One last, I don't think my freedoms are being "stifled" in deferring to having brothers initiate. Because in desiring to obey biblical exhortations, I believe there is always MORE freedom experienced - because in doing so, I am free from blame or censure, and free to feel the Lord's delight. When my heart is not perverse and my ways are blameless, the Lord is pleased. Prov 11:20. amen.

May 9, 2002 -- Thought #2
Maybe what it comes down to is in trying to consider acting on what is biblical vs. acting on what is appropriate vs. acting on what is integrity. Integrity is a huge deal to me...

May 9, 2002 -- Questions - Thought #1
Something I realized. There is a difference between secular, worldly thinking, Christian culture thinking and Biblical thinking. The difference between secular, worldly thinking and Biblical thinking is obvious. What's not so obvious is the difference between what the Christian culture deems as "right" and "good" and what the Bible actually says is "right" and "good." Sometimes I think we really need to stop ourselves and ask, "Wait, so do I think this is inappropriate/appropriate because the Bible actually says so or because the church (or mainstream American Christian culture) says so?"

I think Christ gives us a lot more freedom than Christian culture allows for. But at the same time, the freedom is determined by the condition of our hearts. We should be able to exercise these freedoms when our hearts are truly free from worldly possessiveness, idolatry and flesh-cravings. That means we must truly die to ourselves just as the Bible says. Gal 2:20, 2 Cor 5:14-17, Romans 8:1-11, 2 Cor 3:17, Luke 9:23.

But what if you have the understanding that the Bible gives freedom in such things that Christian culture does not. Should you follow Biblical thinking even at the risk of stumbling those who live by Christian culture rules?

Here's another question I have in relation to all this: what is the appropriate way for guys and girls to relate with one another in a healthy manner? I ask this question because when it comes to courtship and marriage, I believe that the man should pursue the woman - the man should intiate, the woman should respond. Ok, that's a given in my mind. But what about friendships? I do believe the God wants us to relate to each other as brothers and sisters. It is healthy for us to have input from both sides of "God's image" - says everyone I know (most notably, Larry Bauer, my spiritual daddy). But how do you do that? What does a biblical friendship between a man and a woman look like? Is it only appropriate in group settings? Can they hang out alone? Can they talk on the phone? email? and if email? is it all right if the woman "initiates" - they are only just friends, and as such, I would imagine that it would be okay because they are just friends, but does that infringe on the premise that the man ought to pursue/initiate? or is the male "initiating" only related to the courtship relationship? Does that principle spill over to the "just friends" category? I really want to get to some biblical answers for all this (biblical, remember, not Christian culture answers). I think this is definitely a season where God really wants me to learn how to relate to brothers in a healthy manner, and so I want to be able to KNOW what this "healthy manner" is. What is biblical? I want to act on that. Please email me if you've got some input - maryannnguyen@ucsd.edu. Thanks.

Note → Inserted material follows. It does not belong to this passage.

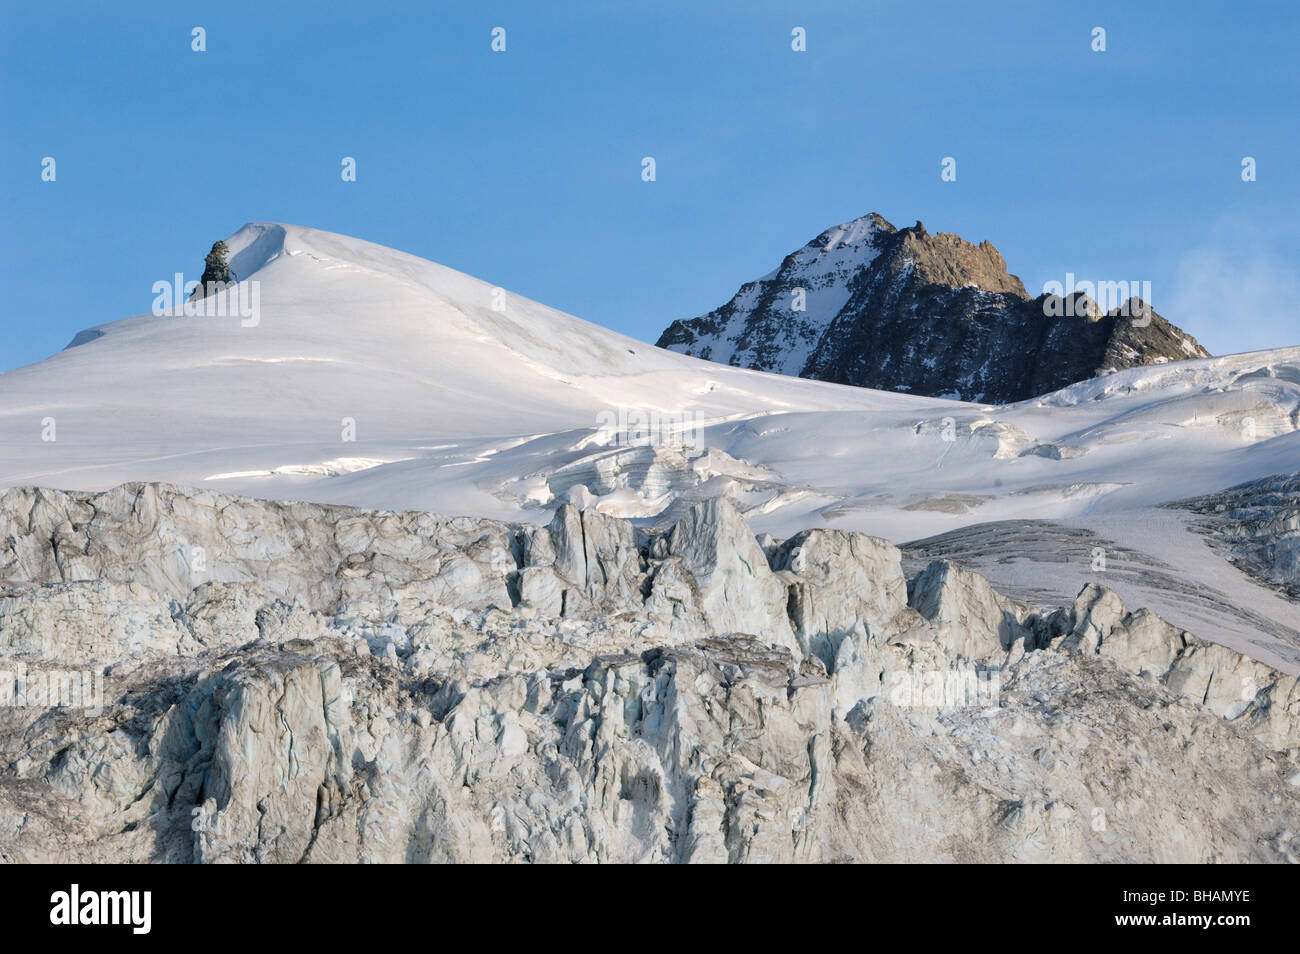 Séracs du glacier sur la montagne Grand cornier dans les Alpes Pennines / Walliser Alpen, Valais / Wallis (Suisse) Banque D'Images

May 8, 2002 -- Jesus is my Life!!
Contrary to what I've been saying all these years, ministry is NOT my "life." Christ is. Jesus is my life. May I live each day growing in the grace and knowledge of my Lord and Savior Jesus Christ (2 Peter 3:18) and growing in faith each and every day (2 Thess 1:3). Yes, the one who is spiritually alive because of being born again but is NOT spiritually growing is living a life of mediocrity!! Oh Lord, deliver me from the lukewarm, tepid 20-somethings norm of American Christian culture. I want to seek after You day after day after day... and find in You my greatest satisfaction. I believe that you truly are Better and Best. amen.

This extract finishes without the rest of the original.